В первых числах мая 1916 г. скончался академик князь Б. Б. Голицын, занимавший в то время посты директора Главной физической обсерватории и начальника Главного военно-метеорологического управления.
По уставу обсерватории требовалось, чтобы директор ее был академиком, вместе с тем по своей должности он был и начальником незадолго перед тем учрежденного Главного военно-метеорологического управления, каковым должен быть генерал-лейтенант или соответствующий придворный чин.
Этим двум признакам удовлетворяли: академик М. А. Рыкачев, флота генерал, прослуживший в обсерватории 57 лет, из них 17 лет директором, и отпросившийся на покой; академик артиллерии генерал-лейтенант В. Н. Ипатьев, занимавший важный пост в Главном артиллерийском управлении, и флота генерал-лейтенант А. Н. Крылов. Меня и назначили, хотя я доказывал, что, сдав в 1882 г. экзамен в Морском корпусе по метеорологии, я с тех пор этим предметом не занимался, но непременный секретарь академии наук С. Ф. Оль-денбург привел мне пословицу «на безрыбье и рак рыба», я ему ответил «на бесптичье и ж... соловей», но тем не менее был назначен.
Приняв обсерваторию, я прежде всего обратил внимание на здание и его недостатки, опросив старших служащих. Оказалось, что зимою амосовские печи подают не теплый воздух, а холодный, потому что приемные сопла сделаны площадью в 0,75 кв. метров вместо 0,06 и без регулятора. Велел сделать в мастерской обсерватории, как надо. Черный ход был без сеней и без тамбуpa, прямо на лестницу, — служащие сказали, что зимой по лестнице дует невыносимо; велел сделать тамбур и уединить лестницу, перекрыв пролет.

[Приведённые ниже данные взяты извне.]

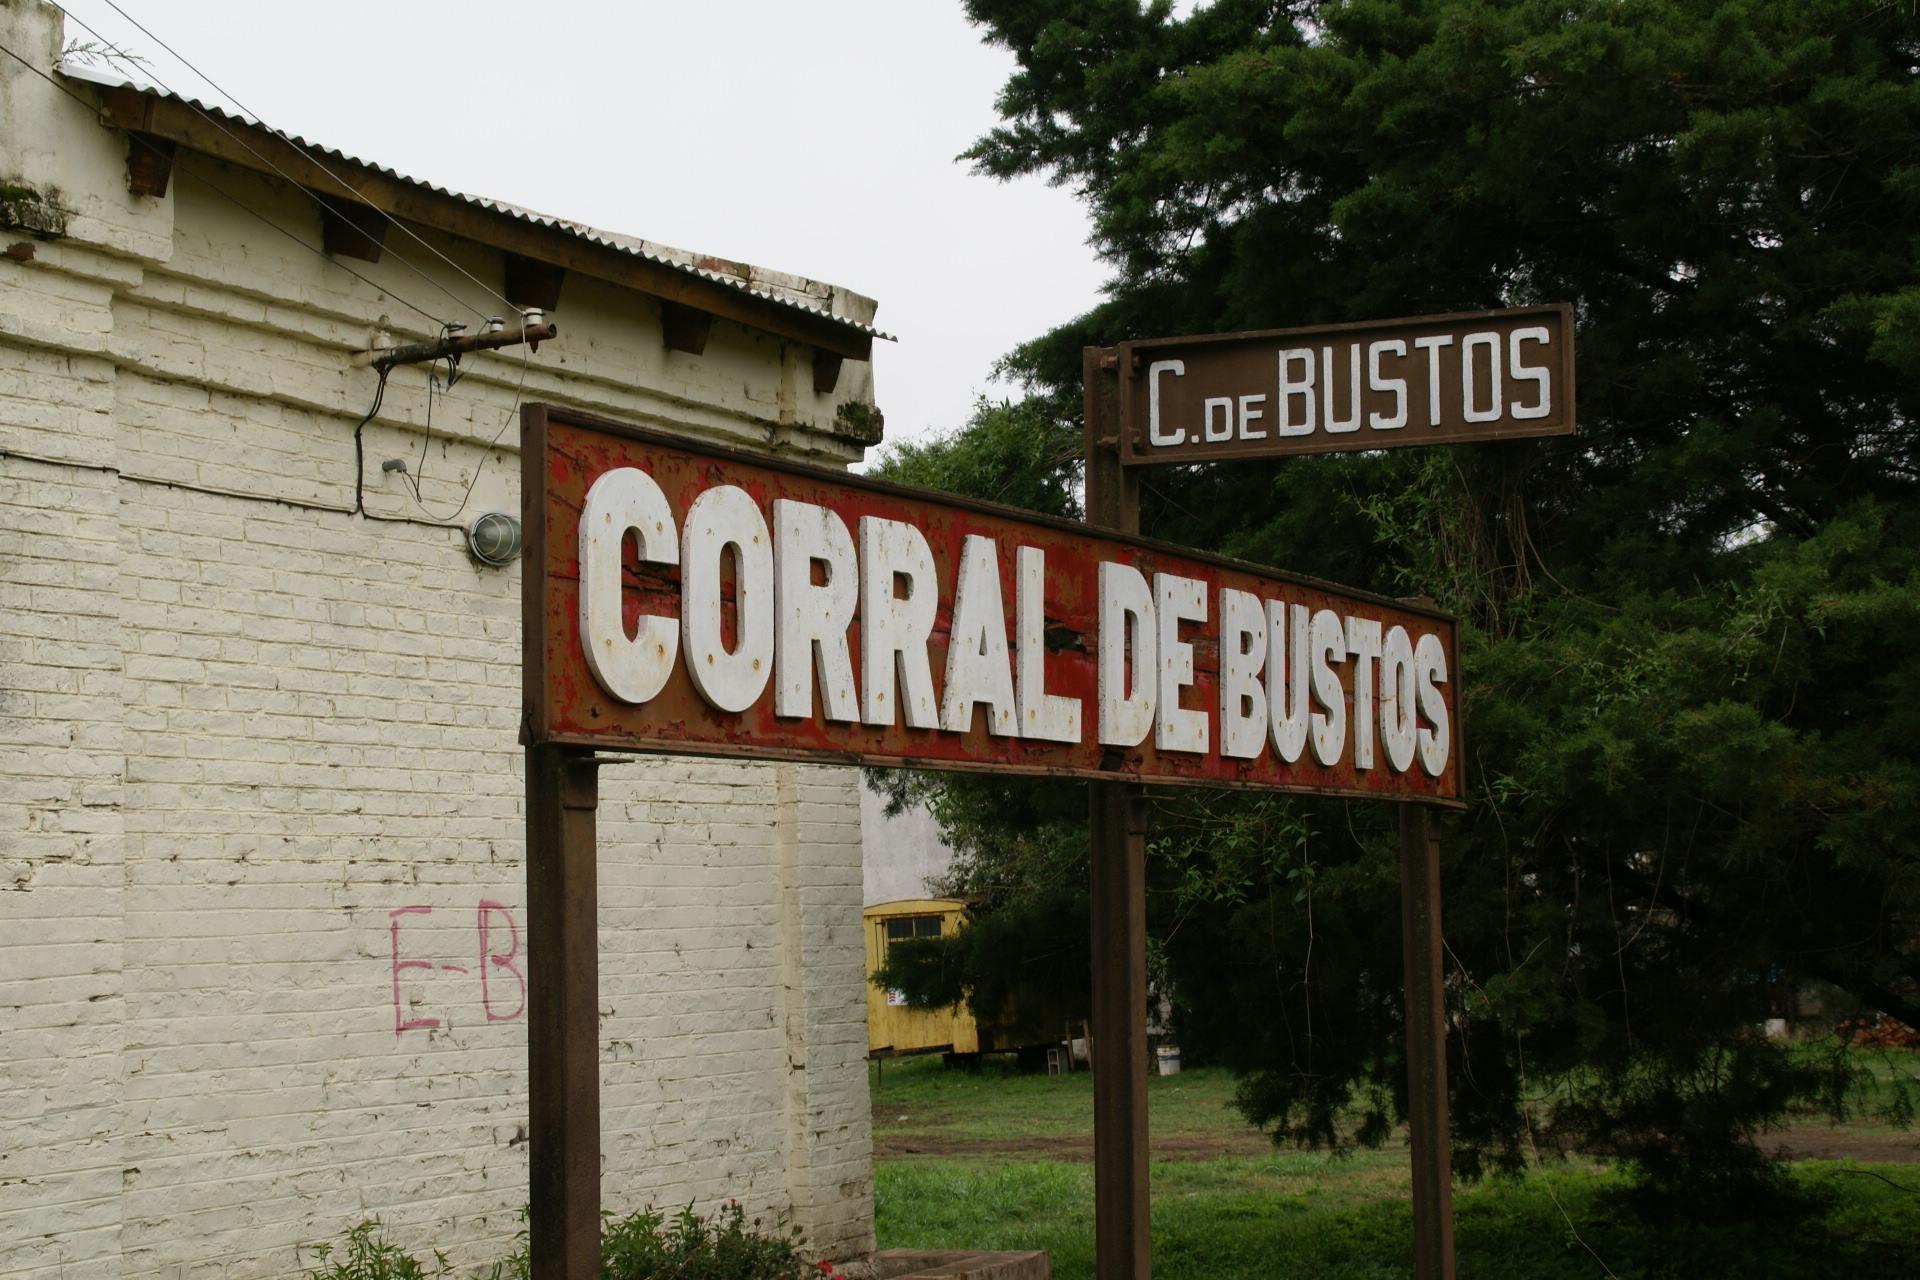 http://upload.wikimedia.org/wikipedia/commons/6/60/2011.10.19.090752_Train_station_Corral_de_Bustos_Argentina.jpg
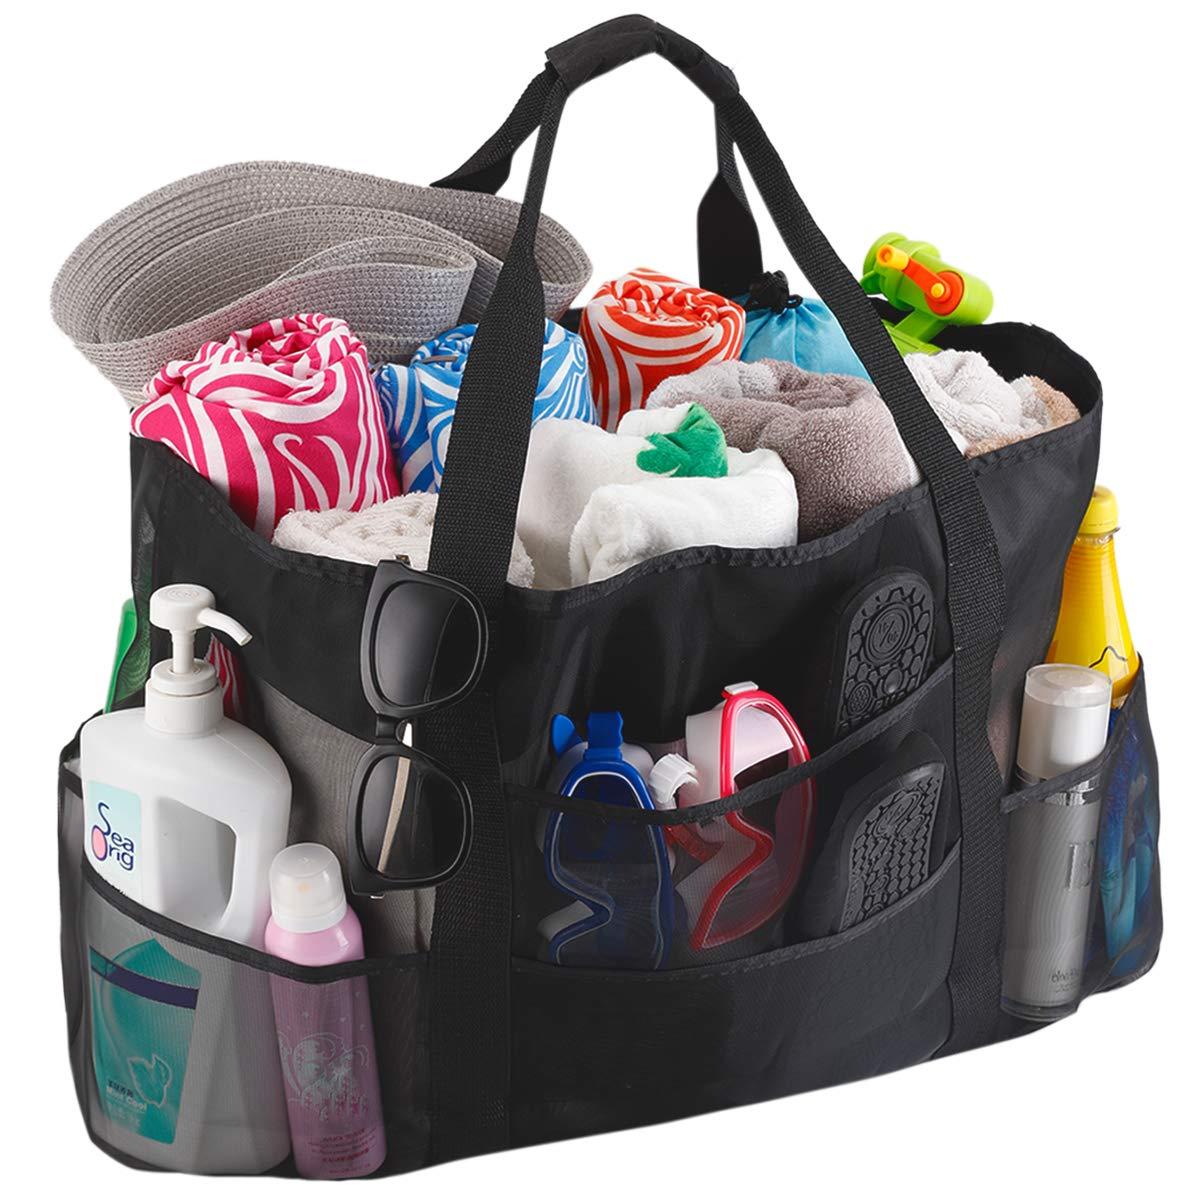 Fundia Extra Large Beach Bags and Totes XXL Mesh Beach Bag

Помещение архива, в котором хранились подлинные наблюдения за 200 лет, находилось в нижнем этаже и выходило окнами в крытый тесом сарай; в нем производилась упаковка отправляемых на станции приборов, была масса опасной в пожарном отношении упаковочной стружки. Велел окна и входную дверь в первом этаже заделать кирпичной кладкой на цементе, оставив ход из второго этажа по витой лестнице, через люк, на котором была железная дверь. Таким образом, архив был в меру возможности обезопасен от пожара и от наводнения, так что 24 сентября 1924 г. он не пострадал.
Обсерватория хотя и считалась одним из учреждений Академии наук, но находилась в ведении Министерства народного просвещения.
По установленному порядку мне следовало явиться к министру народного просвещения, которым тогда был граф Игнатьев.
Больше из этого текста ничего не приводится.